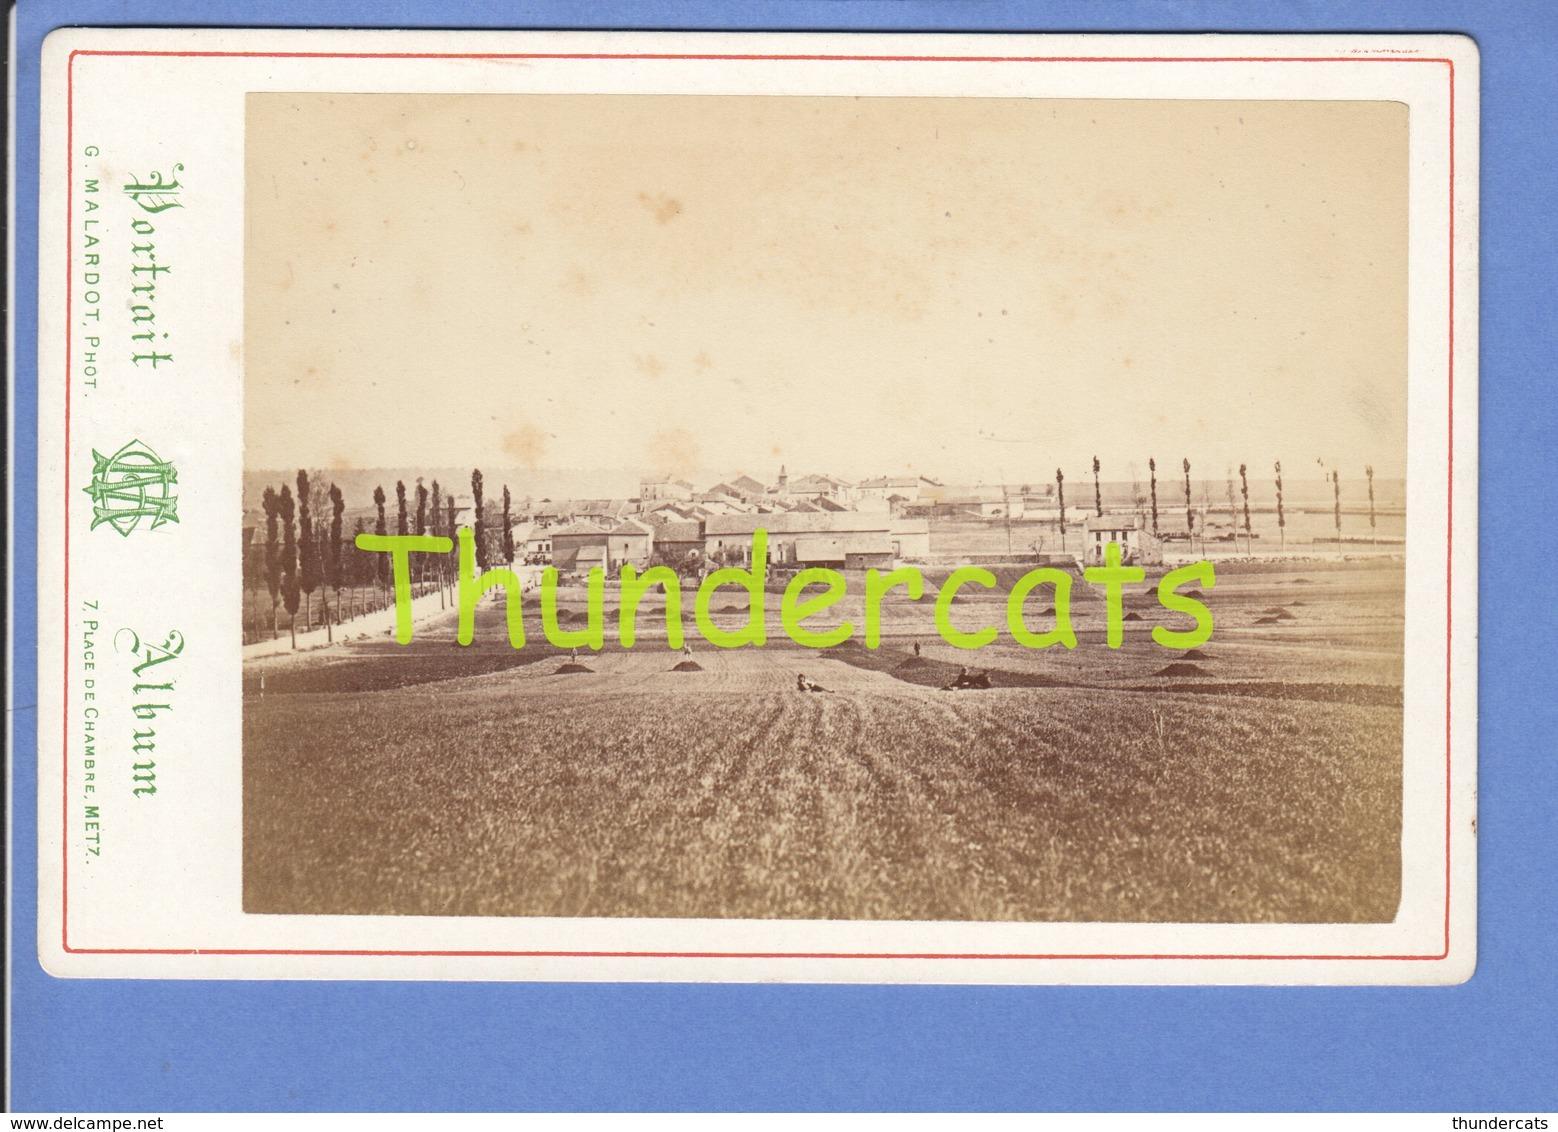 GRAND PHOTO DE CABINET 16cm X 11 Cm METZ MALARDOT GRAVELOTTE - Fotos
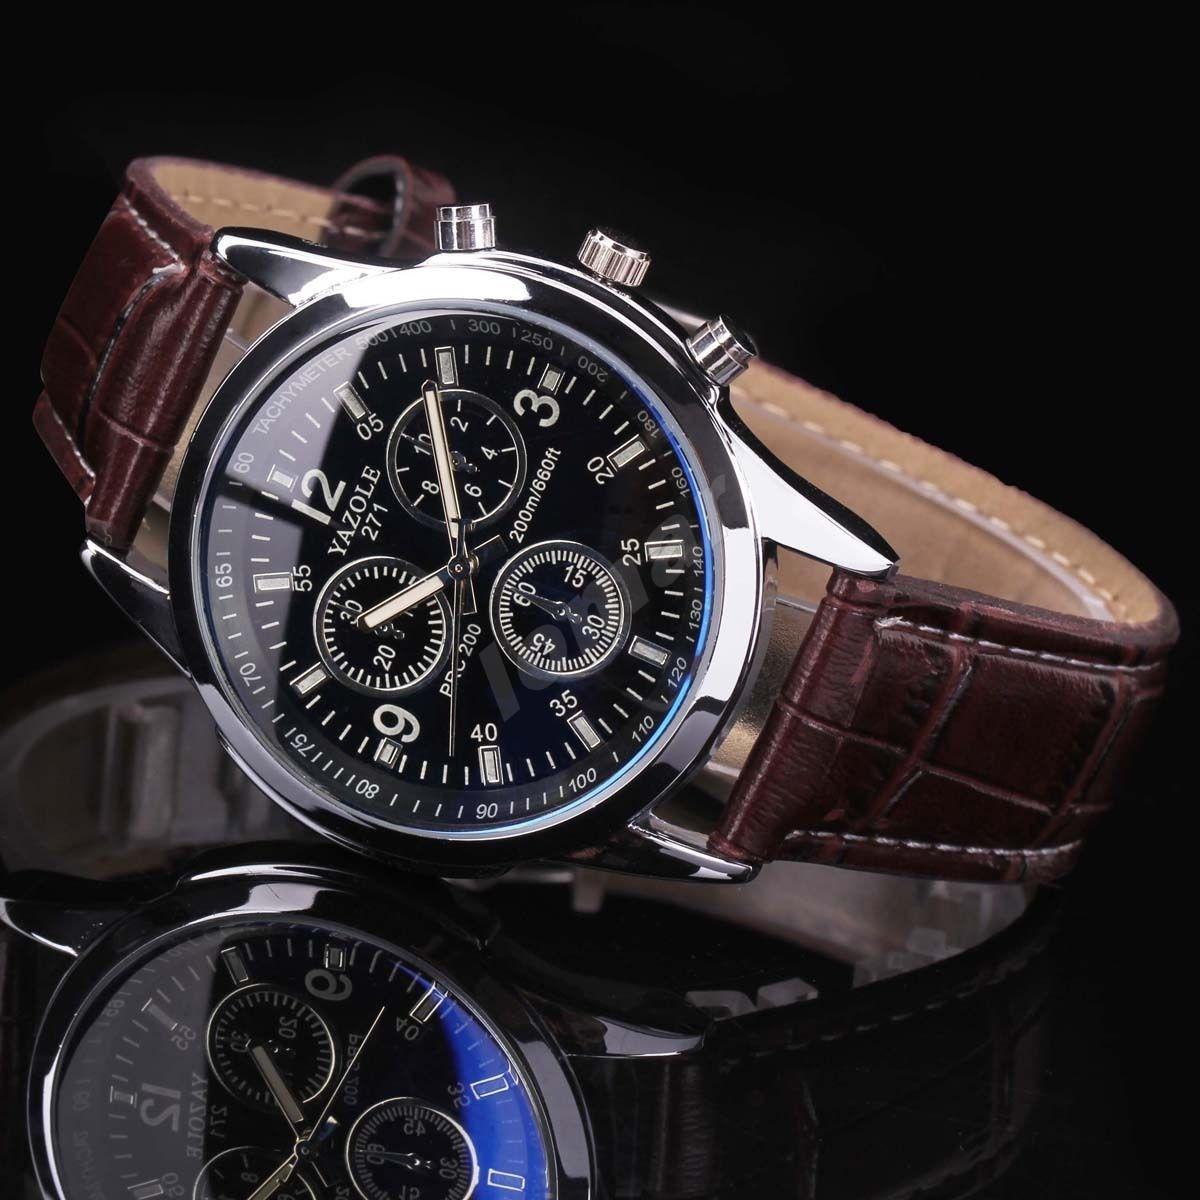 Мужские кварцевые часы Yazole Phantom blue mirror - lomarua в Украине a935e04214e
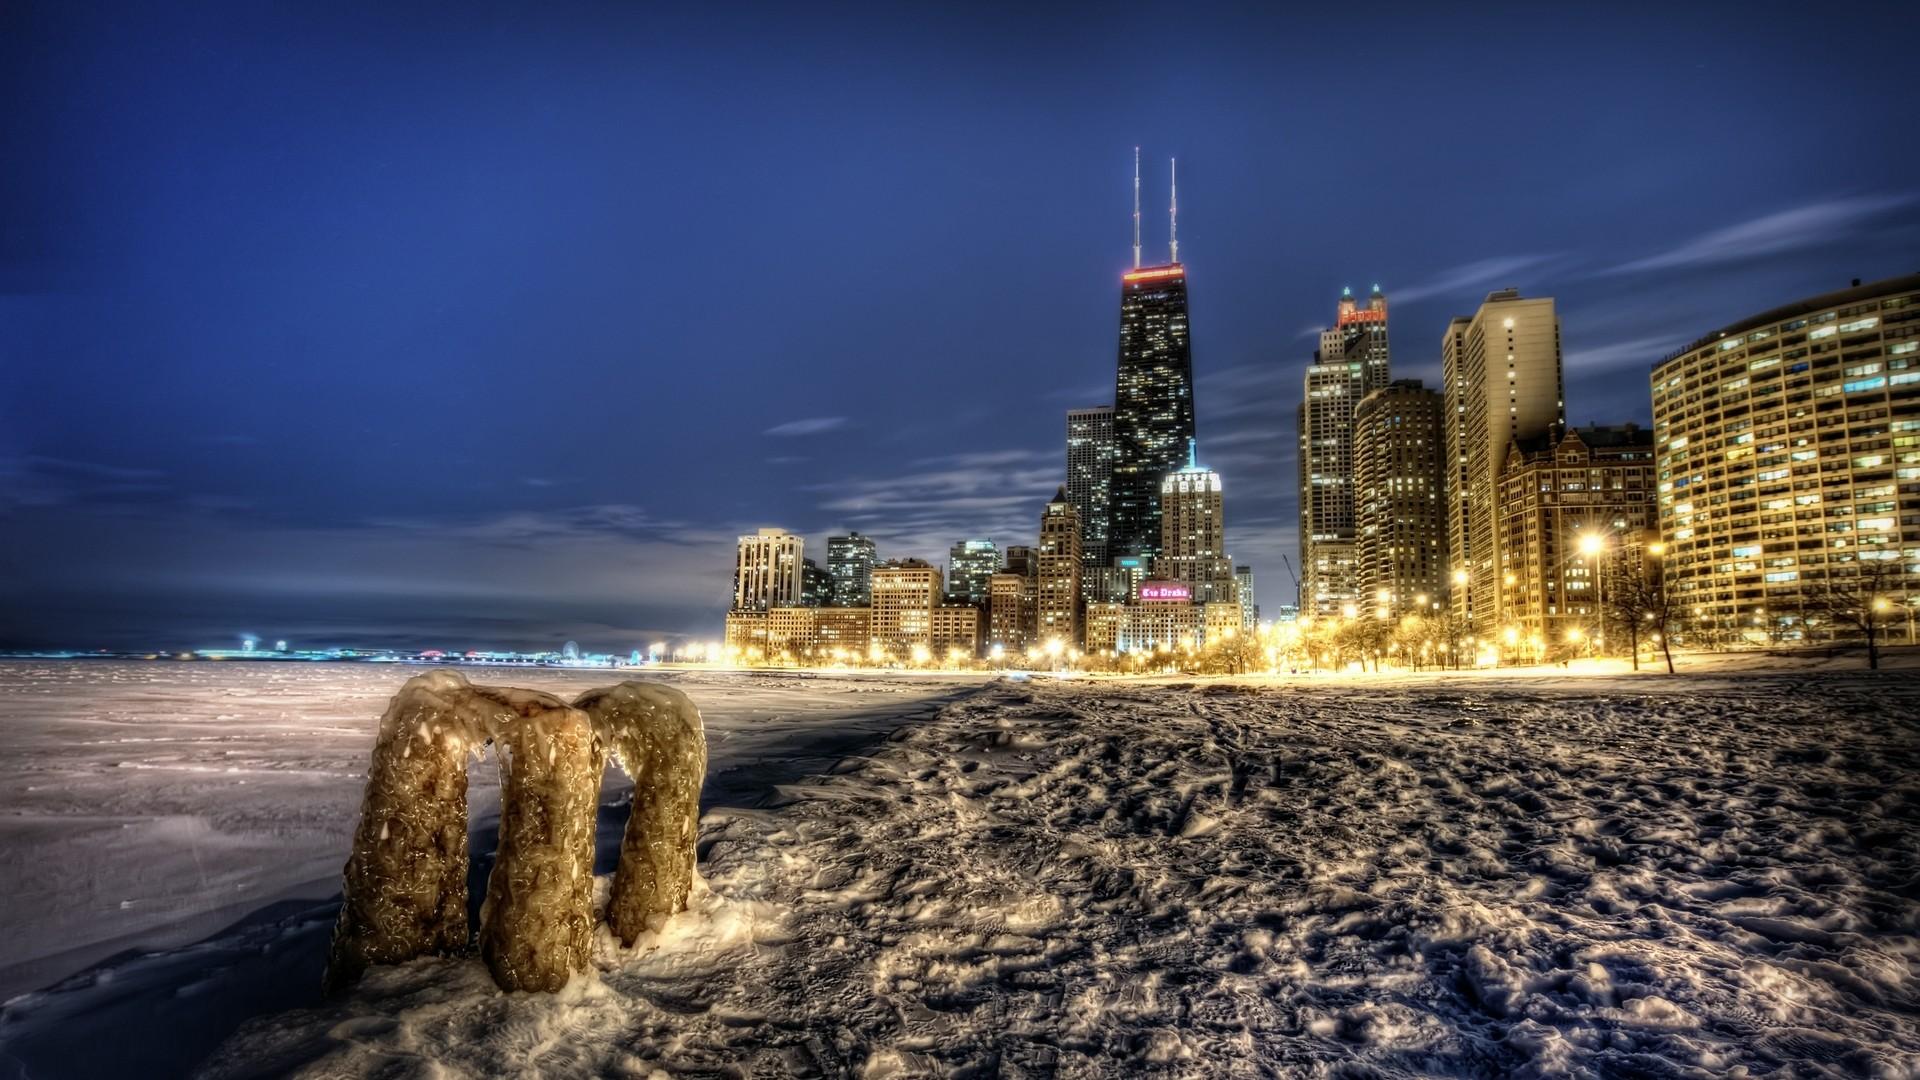 Wallpaper of Chicago ·â'
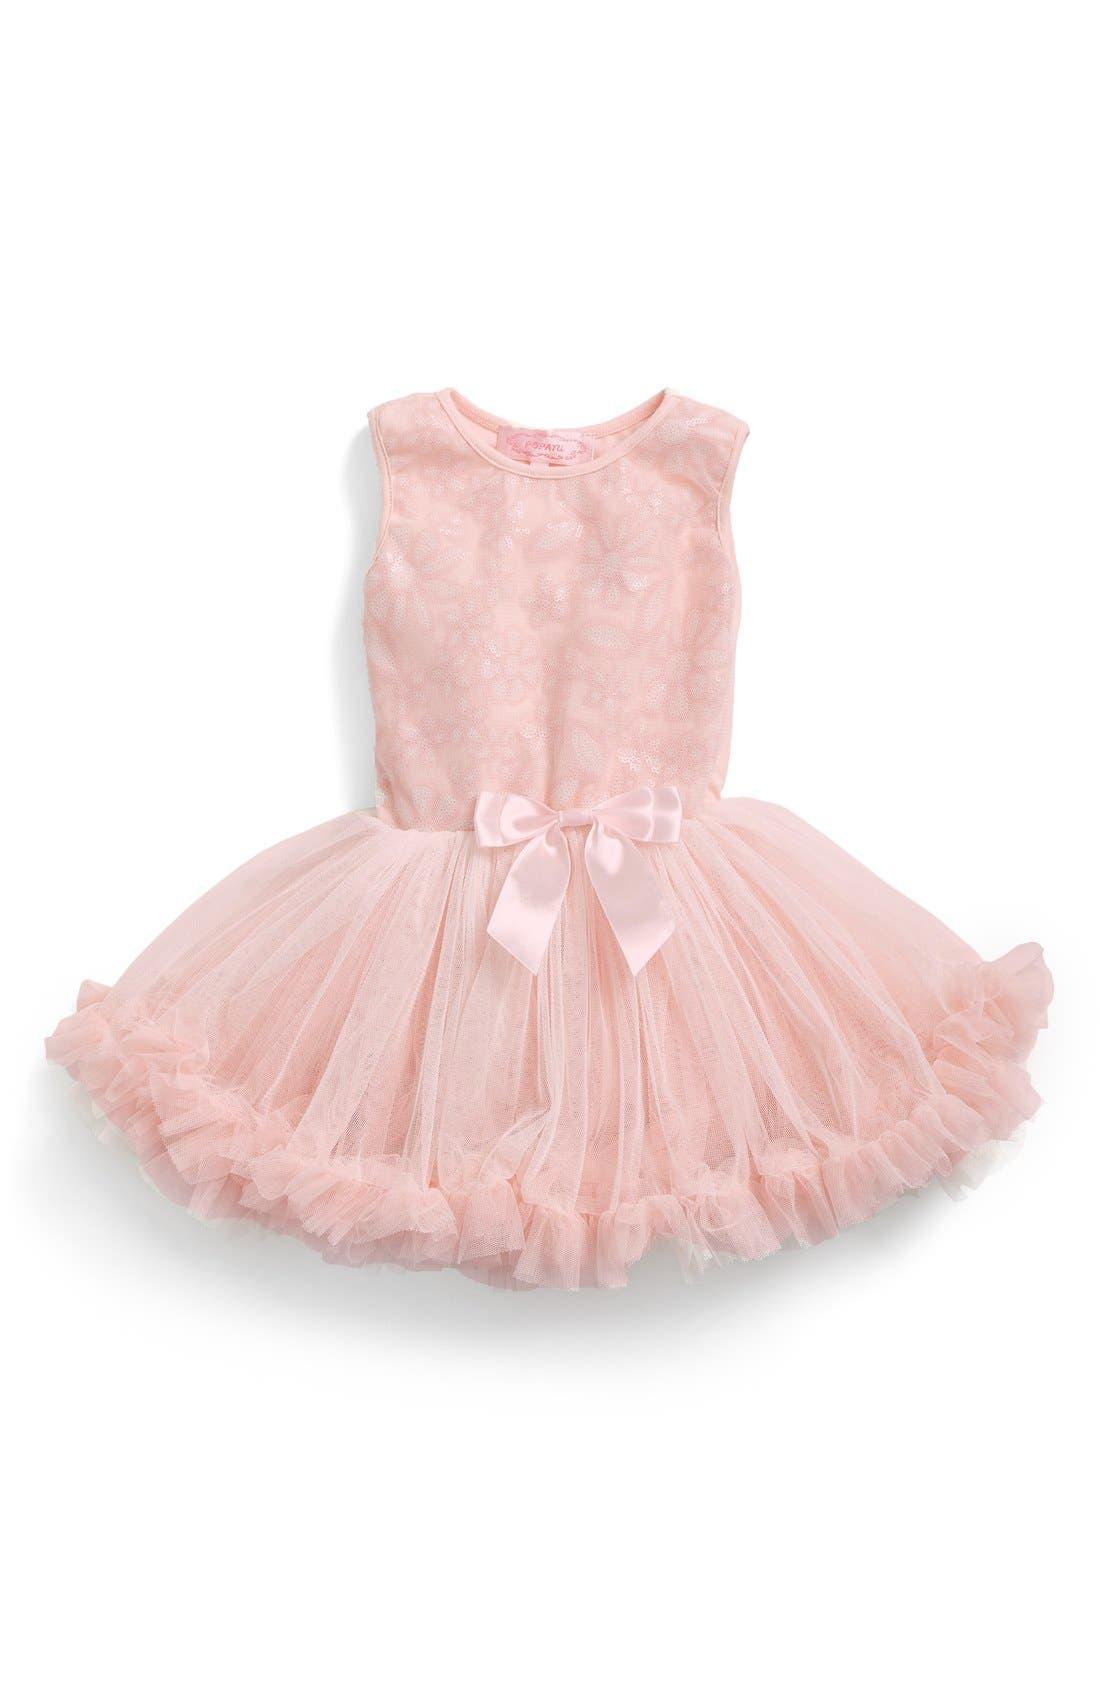 Alternate Image 1 Selected - Popatu Floral Sequin Pettidress (Baby Girls)
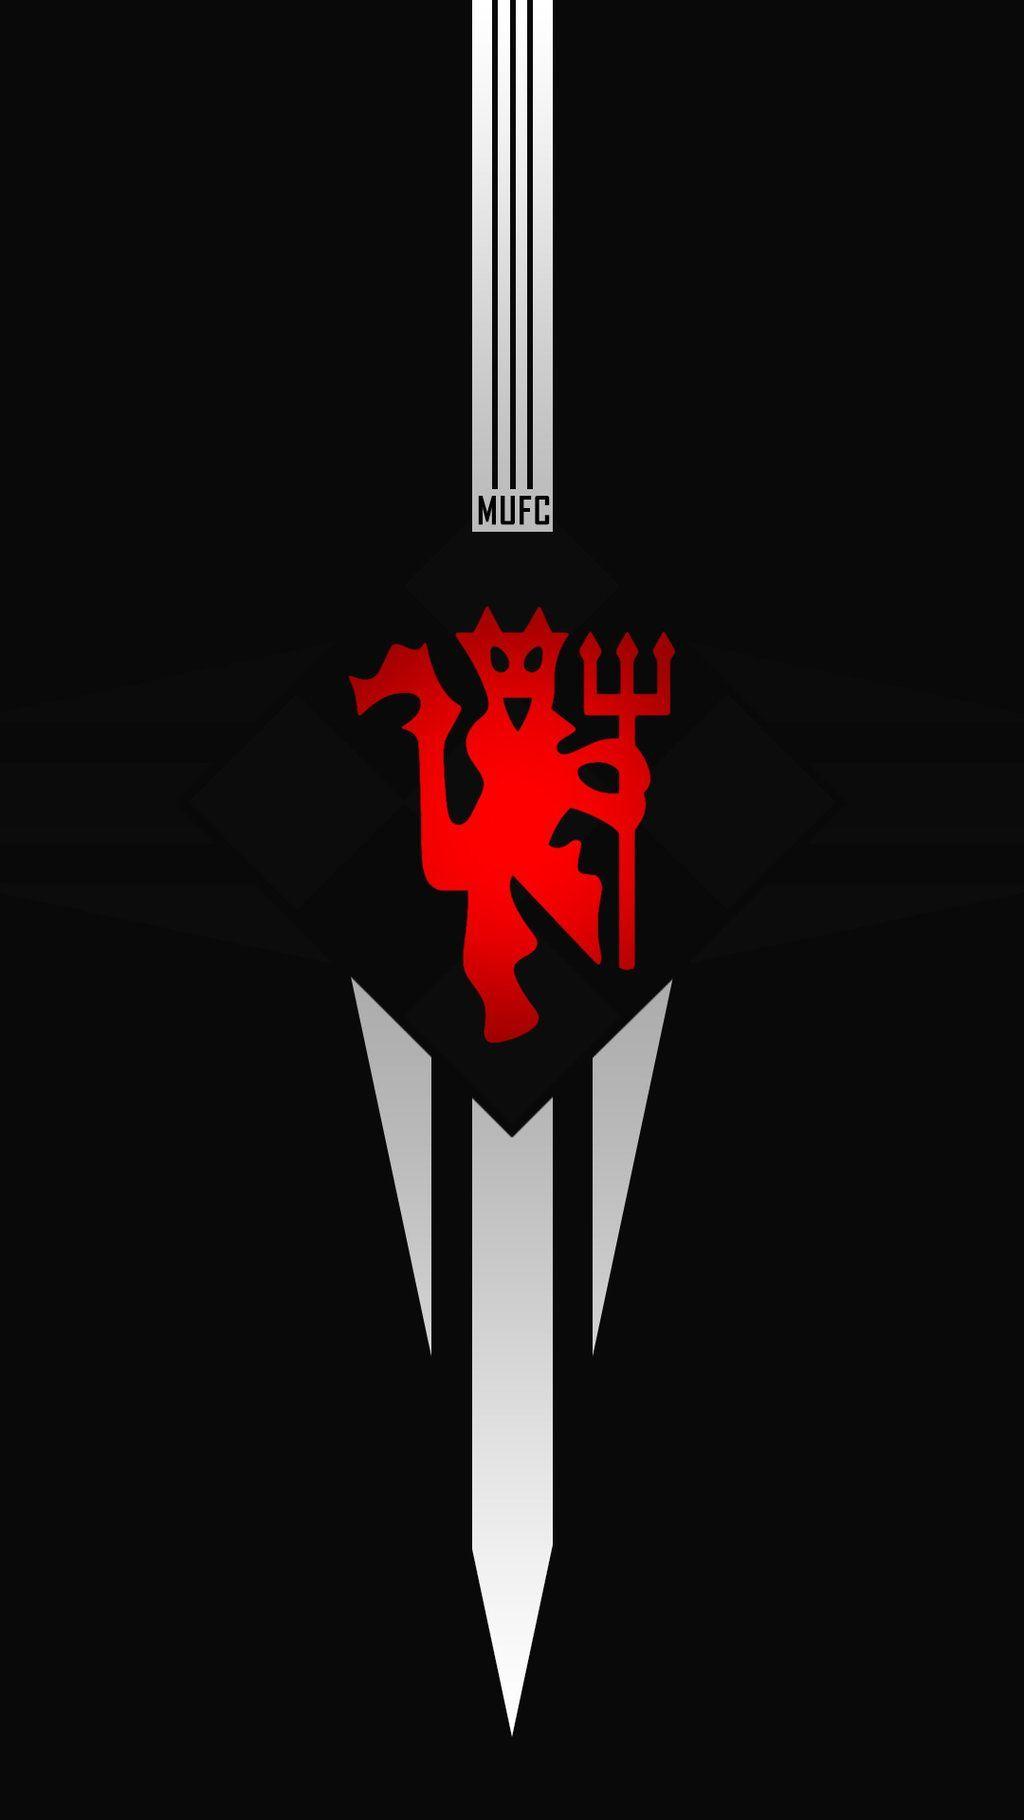 Image Result For Man Utd Wallpaper แมนเชสเตอร ย ไนเต ด คร สเต ยโน โรน ลโด ไอเด ยรอยส ก

◇ ◇ ◇ ◇ ◇

TASK OBJECTIVE ->
From the line containing "Wallpaper of Chicago ·â'" through the final line of the records, write out each line exactly, and include no pictures.

FINISHED TASK ->
 Wallpaper of Chicago ·â'
 Alternate Image 1 Selected - Popatu Floral Sequin Pettidress (Baby Girls)
 Image Result For Man Utd Wallpaper แมนเชสเตอร ย ไนเต ด คร สเต ยโน โรน ลโด ไอเด ยรอยส ก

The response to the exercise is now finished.